Nutrition during foetal life and birth weights affect animal metabolism and performance in later life, which is also termed 'foetal programming'. Piglets of L-carnitine supplemented sows have more muscle fibres than those of control sows. It has been observed that low birth weights result in lower carcass weights and meat percentages at slaughter compared with high birth weights.
Increased milk production
Sows supplemented with L-carnitine produce more milk than control sows. The improved suckling behaviour of piglets (longer suckling time per day and more vigour) born to L-carnitine supplemented sows causes milk production to rise. Consequently, more energy and nutrients are transferred from the sow to the piglets, with the milk leading to increased litter weights at weaning and lower pre-weaning mortality.
Dietary L-carnitine supplementation of sows during lactation results in an increase of carnitine concentrations in plasma and milk. Milk concentration is important for the development of the suckling piglets because they have a low capacity for endogenous carnitine synthesis, particularly during the first days after birth.
However, in sows that were not supplemented with L-carnitine during gestation, L-carnitine supplementation during lactation did not influence litter weaning weights.
Carnitol-L (Huvepharma) is a complementary feed. Its liquid and palatable formulation contains high concentrations of L-carnitine, choline chloride, sorbitol and selected plant extracts. These ingredients with hepatoprotective properties especially contribute by:
- boosting metabolic liver function and preventing fatty liver in sows
- optimising the efficiency of energy production from feed
- detoxifying and eliminating harmful waste products
- stimulating the appetite
As a result, Carnitol-L substantially optimises reproductive performance and has no withdrawal time.

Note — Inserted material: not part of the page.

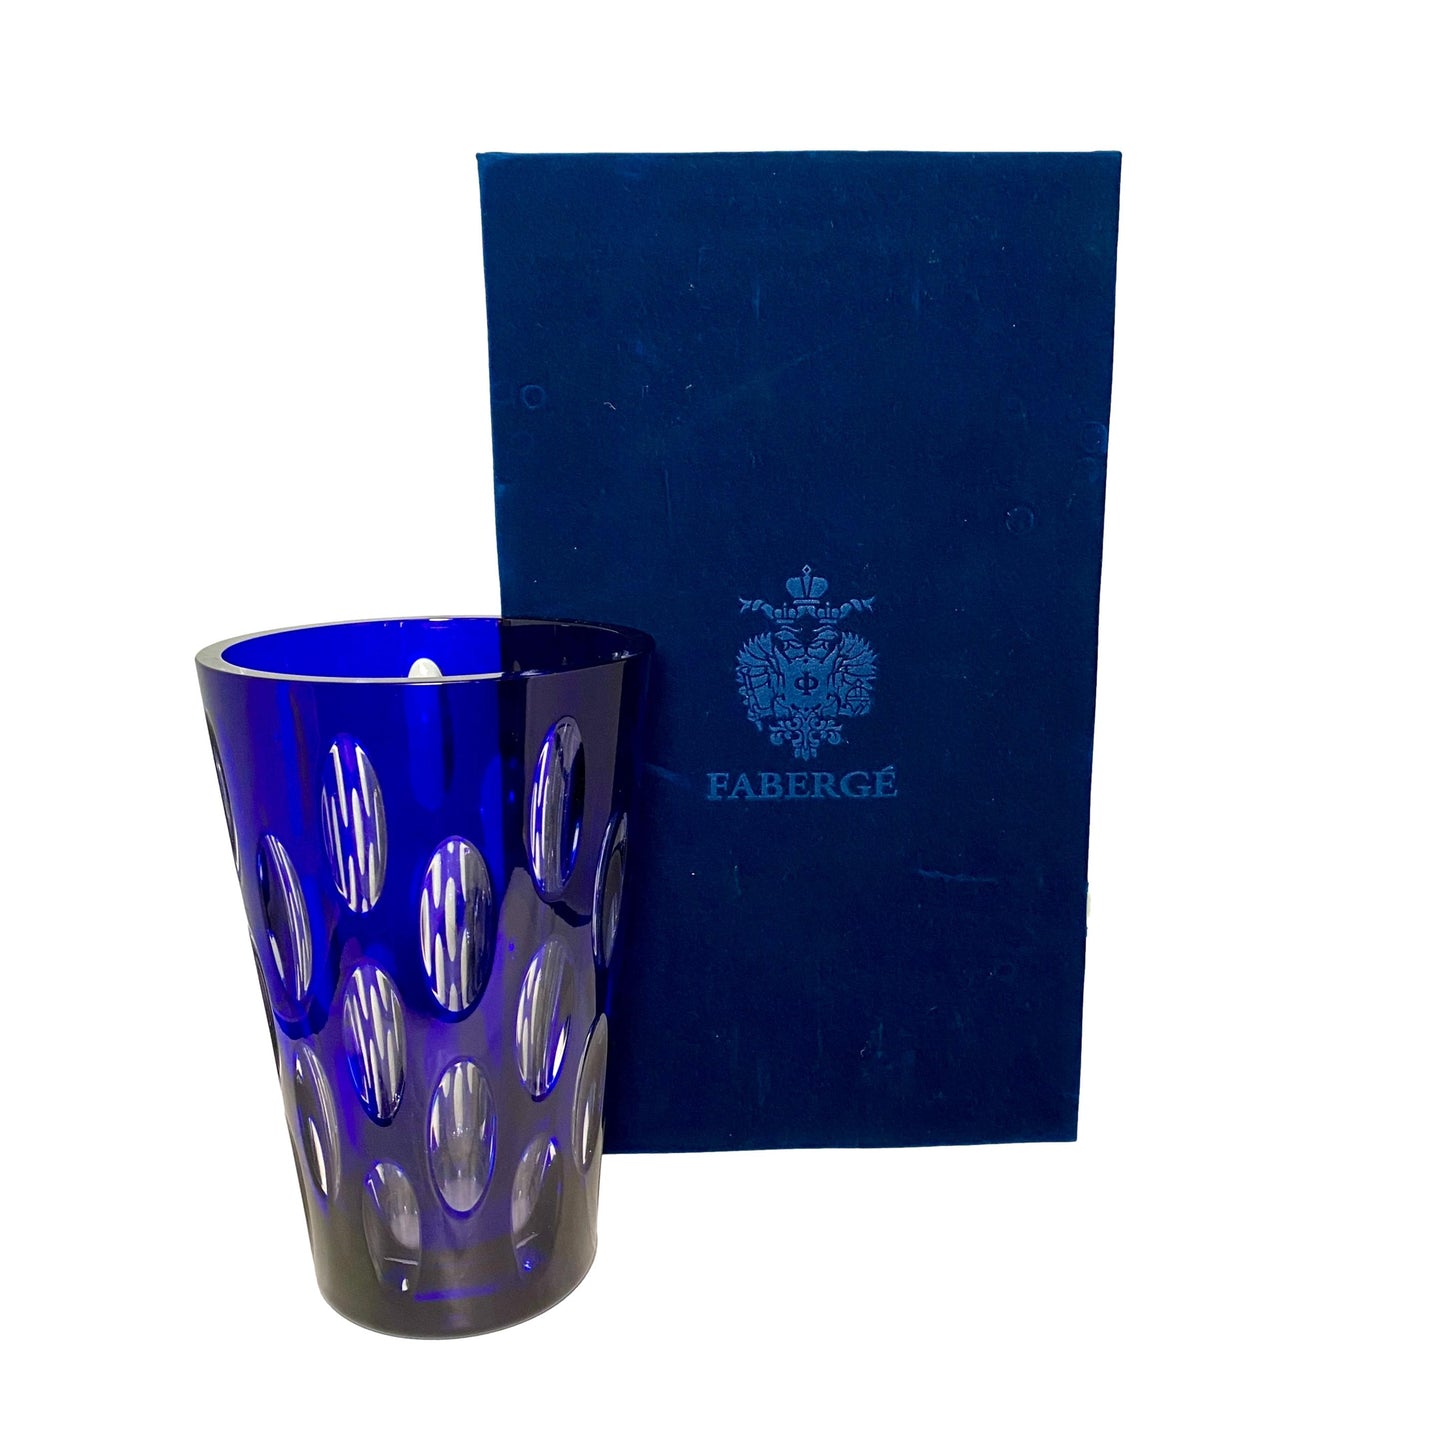 Signed Faberge Cobalt Blue Vase

The benefits of the supplementation of Carnitol-L on the average number of live and stillborn piglets was investigated in a trial in a highly productive Danish sow herd (Table 1).
After entering the farrowing crates, sows received 40 ml Carnitol-L daily in the feed troughs for the last five days prior to farrowing. The daily dose per sow corresponded to 1.2 g L-carnitine, 1.5 g choline chloride and 11.4 g sorbitol. Therefore, a specially developed and adjustable drench fitting on the product container was used (Figure 2)
The average litter data of farrowings before (control) and after the supplementation were recorded and compared. Moreover, data was determined on an annual basis, taking the farrowing index into account.
Carnitol-L supplementation for the last five days before farrowing resulted in:
- An average increase of 0.4 live born piglets/sow/litter, corresponding to 0.95 (=0.4 x 2.38) live born piglets/sow/year (Figure 3)
- An average decrease of 0.37 stillborn piglets/sow/litter, corresponding to 0.88 (=0.37 x 2.38) stillborn piglets/sow/year (Figure 4)
The return on investment was 1:4.8 when comparing the control farrowings with the Carnitol-L supplemented farrowings.
The efficacy of Carnitol-L supplementation was also evaluated in two other trials in Danish sow herds:
- 120 mg L-carnitine/sow/day for the last four weeks of gestation resulted in a significant increase in piglet body weight at birth of 33 g/piglet.
- 60 mg L-carnitine/sow/day for the first 12 weeks of gestation in combination with 120 mg L-carnitine/sow/day for the last four weeks of gestation resulted in a significant reduction in the number of weak-born piglets (-0.75), lower pre-weaning mortality (-0.28 piglets) and higher body weight at weaning (+0.2 kg).
Studies reported in the literature and recent field trials consistently demonstrate that dietary L-carnitine supplementation during gestation increases the reproductive performance of sows. It was concluded that the supplementation of 40 ml Carnitol-L in the last five days prior to farrowing results in a substantial increase in the number of live-born piglets and a decrease in the number of stillbirths.